### TASK GOAL
Please write the listing below out again exactly, leaving every picture behind.

### PROVIDED DATA

⟨

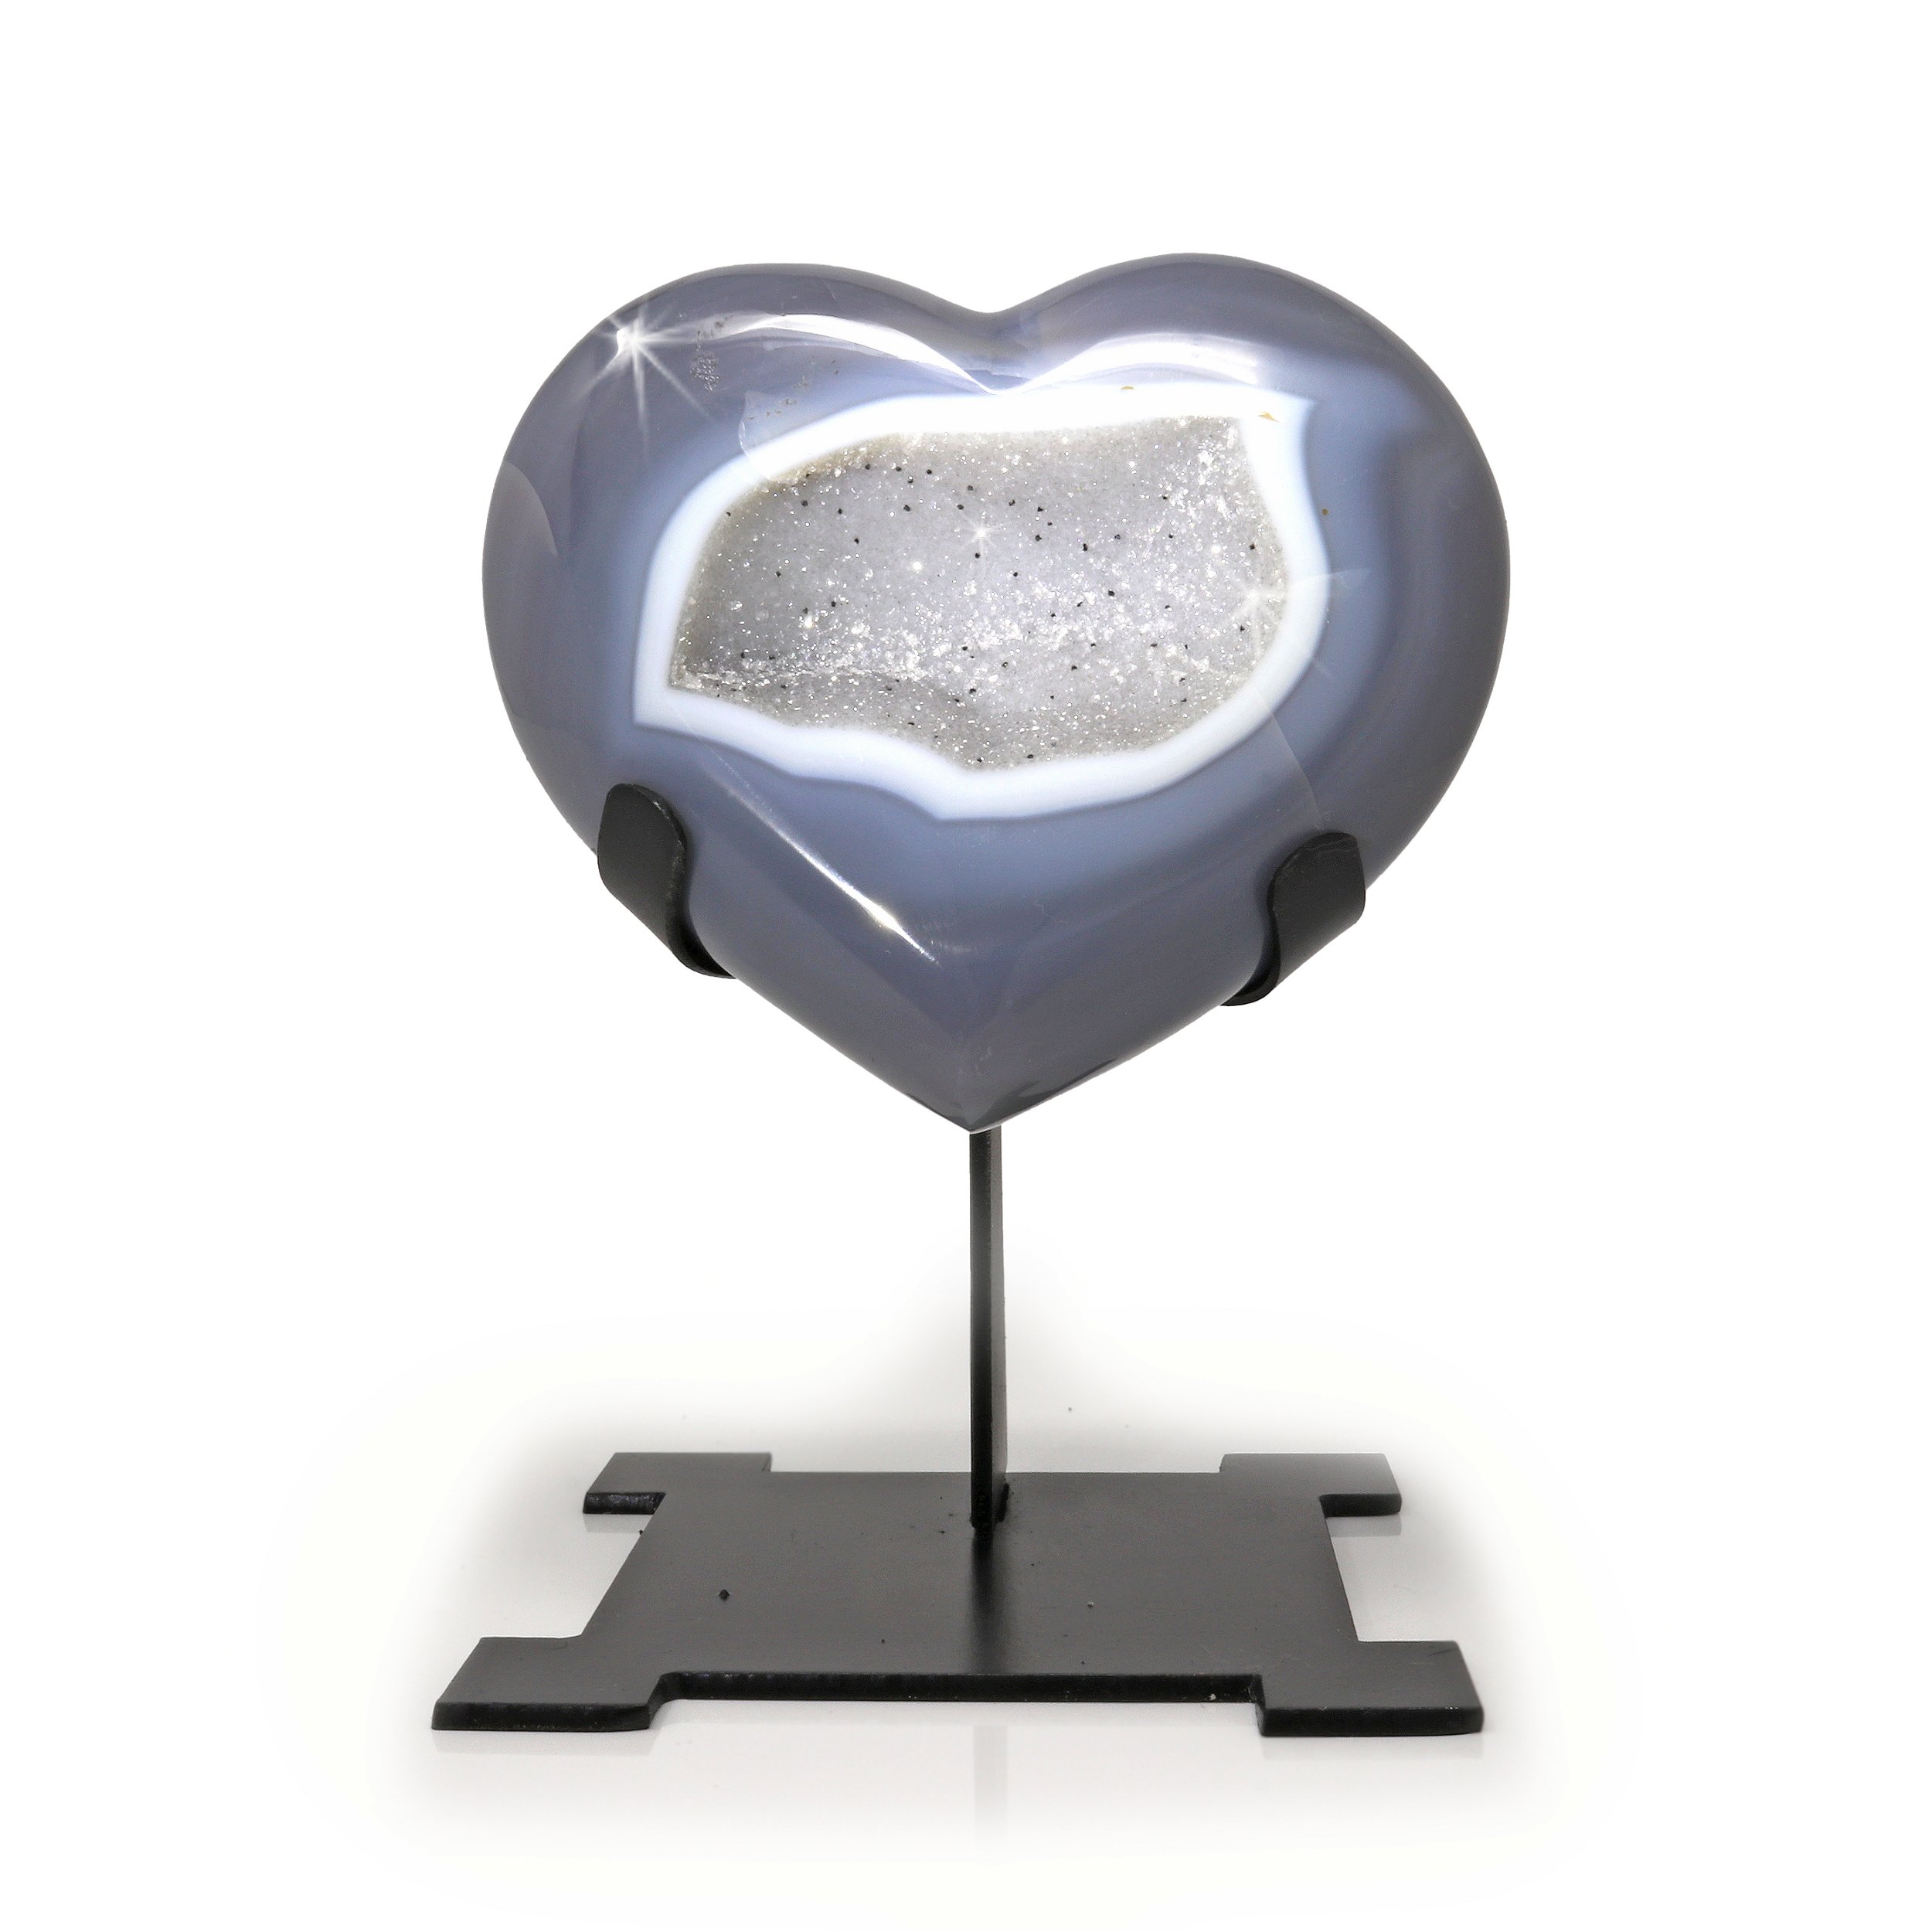 Druze Heart On Custom Aztec Post Stand With Silver Druze Crevice
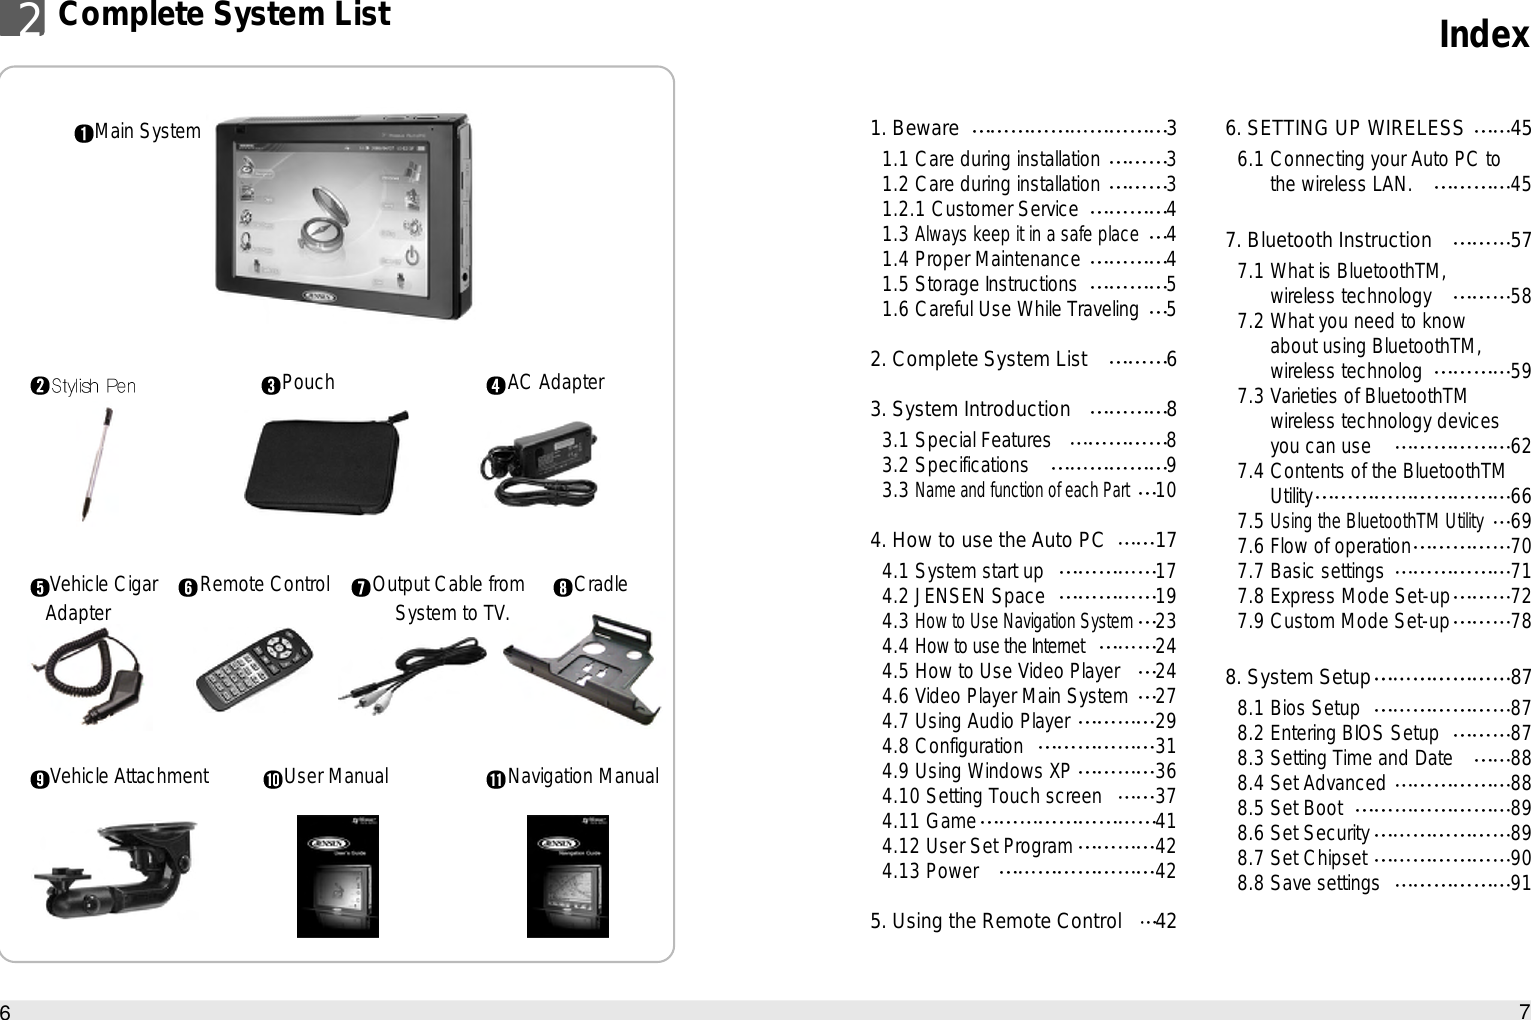 Index762Complete System ListPouch AC AdapterCradleNavigation ManualVehicle CigarAdapter Remote ControlUser ManualVehicle AttachmentMain System 1. Beware 31.1 Care during installation 31.2 Care during installation 31.2.1 Customer Service 41.3 Always keep it in a safe place41.4 Proper Maintenance 41.5 Storage Instructions 51.6 Careful Use While Traveling 52. Complete System List 63. System Introduction 83.1 Special Features 83.2 Specifications  93.3 Name and function of each Part104. How to use the Auto PC 174.1 System start up 174.2 JENSEN Space 194.3 How to Use Navigation System234.4 How to use the Internet244.5 How to Use Video Player 244.6 Video Player Main System 274.7 Using Audio Player 294.8 Configuration 314.9 Using Windows XP 364.10 Setting Touch screen 374.11 Game 414.12 User Set Program 424.13 Power 425. Using the Remote Control 426. SETTING UP WIRELESS 456.1 Connecting your Auto PC to the wireless LAN. 457. Bluetooth Instruction 577.1 What is BluetoothTM‚ wireless technology 587.2 What you need to know about using BluetoothTM‚ wireless technolog 597.3 Varieties of BluetoothTM wireless technology devices you can use  627.4 Contents of the BluetoothTM Utility 667.5 Using the BluetoothTM Utility697.6 Flow of operation 707.7 Basic settings 717.8 Express Mode Set-up 727.9 Custom Mode Set-up 788. System Setup 878.1 Bios Setup 878.2 Entering BIOS Setup 878.3 Setting Time and Date 888.4 Set Advanced 888.5 Set Boot 898.6 Set Security 898.7 Set Chipset 908.8 Save settings 91Output Cable fromSystem to TV.
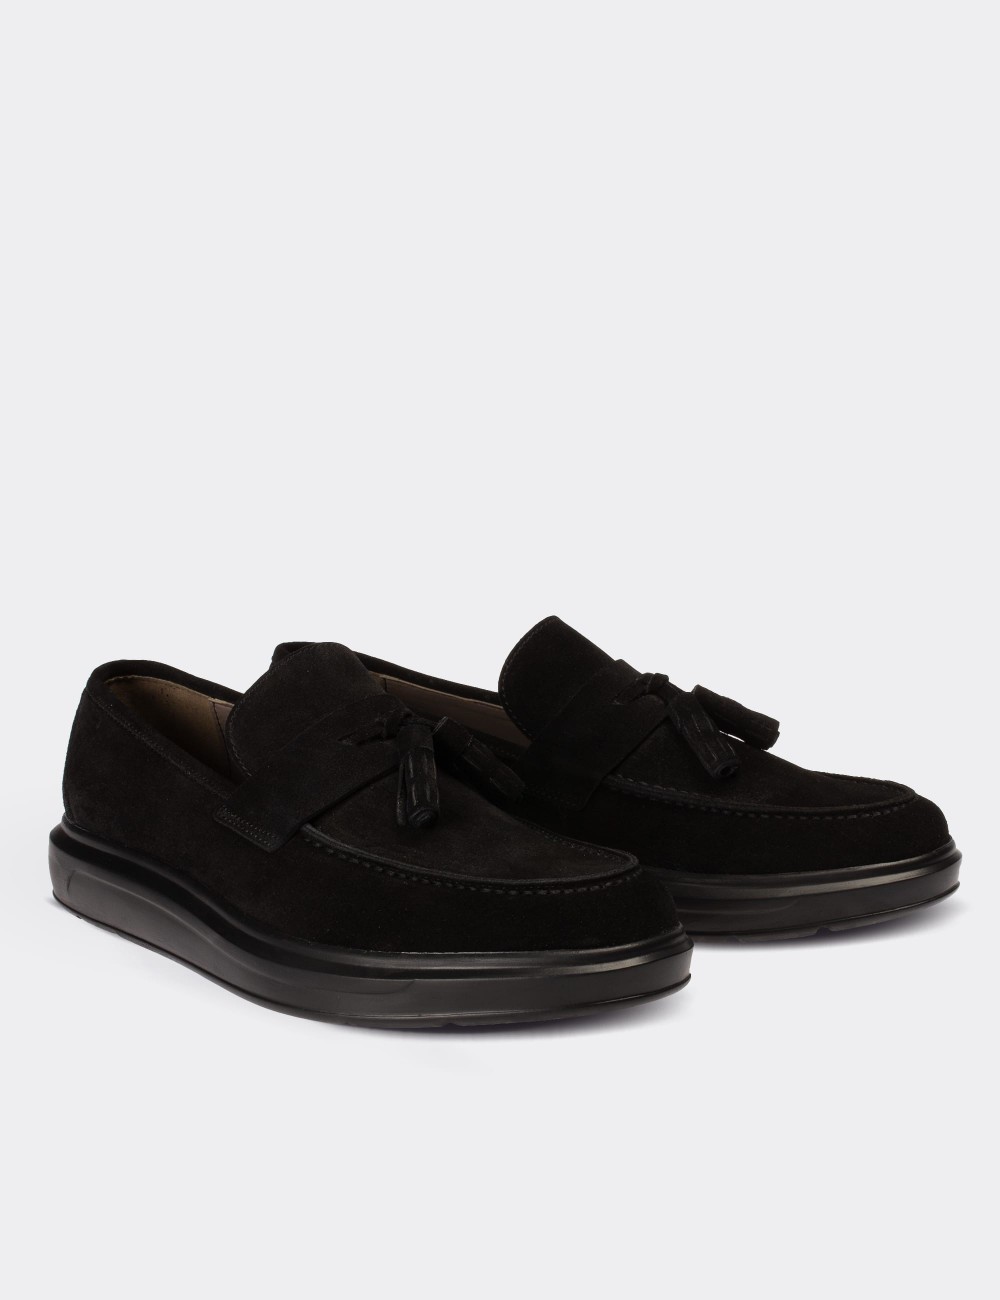 Black Suede Leather Loafers - 01587MSYHP05
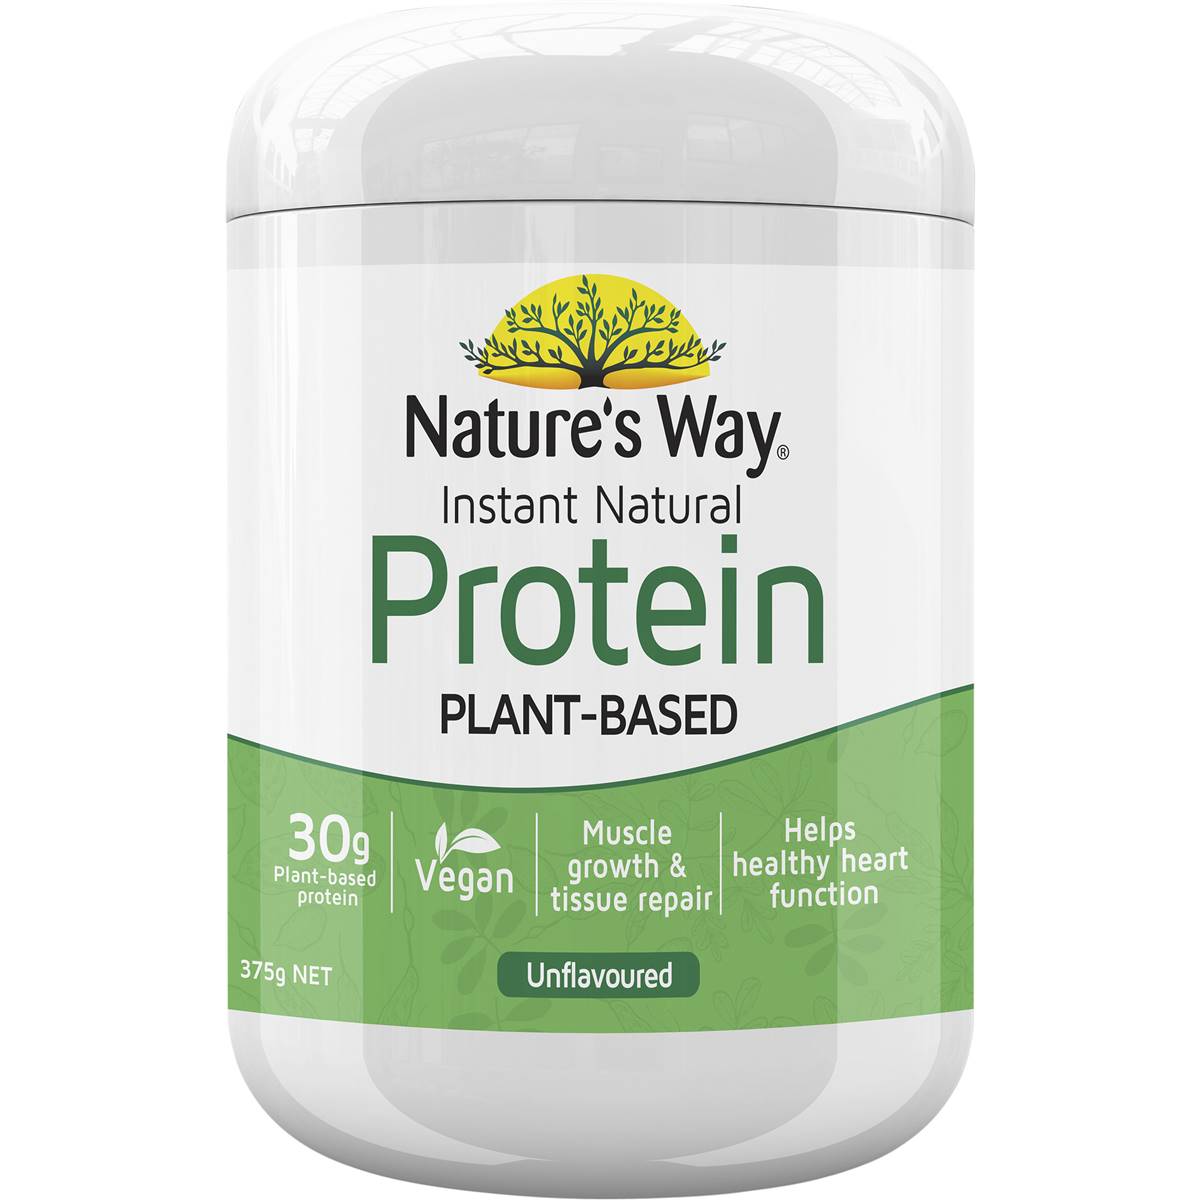 Calories in Nature's Way Protein Powder Instant Natural

⟩

### ANSWER FOR THIS EXERCISE
 Druze Heart On Custom Aztec Post Stand With Silver Druze Crevice
 Index762Complete System ListPouch AC AdapterCradleNavigation ManualVehicle CigarAdapter Remote ControlUser ManualVehicle AttachmentMain System 1. Beware 31.1 Care during installation 31.2 Care during installation 31.2.1 Customer Service 41.3 Always keep it in a safe place41.4 Proper Maintenance 41.5 Storage Instructions 51.6 Careful Use While Traveling 52. Complete System List 63. System Introduction 83.1 Special Features 83.2 Specifications  93.3 Name and function of each Part104. How to use the Auto PC 174.1 System start up 174.2 JENSEN Space 194.3 How to Use Navigation System234.4 How to use the Internet244.5 How to Use Video Player 244.6 Video Player Main System 274.7 Using Audio Player 294.8 Configuration 314.9 Using Windows XP 364.10 Setting Touch screen 374.11 Game 414.12 User Set Program 424.13 Power 425. Using the Remote Control 426. SETTING UP WIRELESS 456.1 Connecting your Auto PC to the wireless LAN. 457. Bluetooth Instruction 577.1 What is BluetoothTM‚ wireless technology 587.2 What you need to know about using BluetoothTM‚ wireless technolog 597.3 Varieties of BluetoothTM wireless technology devices you can use  627.4 Contents of the BluetoothTM Utility 667.5 Using the BluetoothTM Utility697.6 Flow of operation 707.7 Basic settings 717.8 Express Mode Set-up 727.9 Custom Mode Set-up 788. System Setup 878.1 Bios Setup 878.2 Entering BIOS Setup 878.3 Setting Time and Date 888.4 Set Advanced 888.5 Set Boot 898.6 Set Security 898.7 Set Chipset 908.8 Save settings 91Output Cable fromSystem to TV.
 Black Suede Leather Loafers - 01587MSYHP05
 Calories in Nature's Way Protein Powder Instant Natural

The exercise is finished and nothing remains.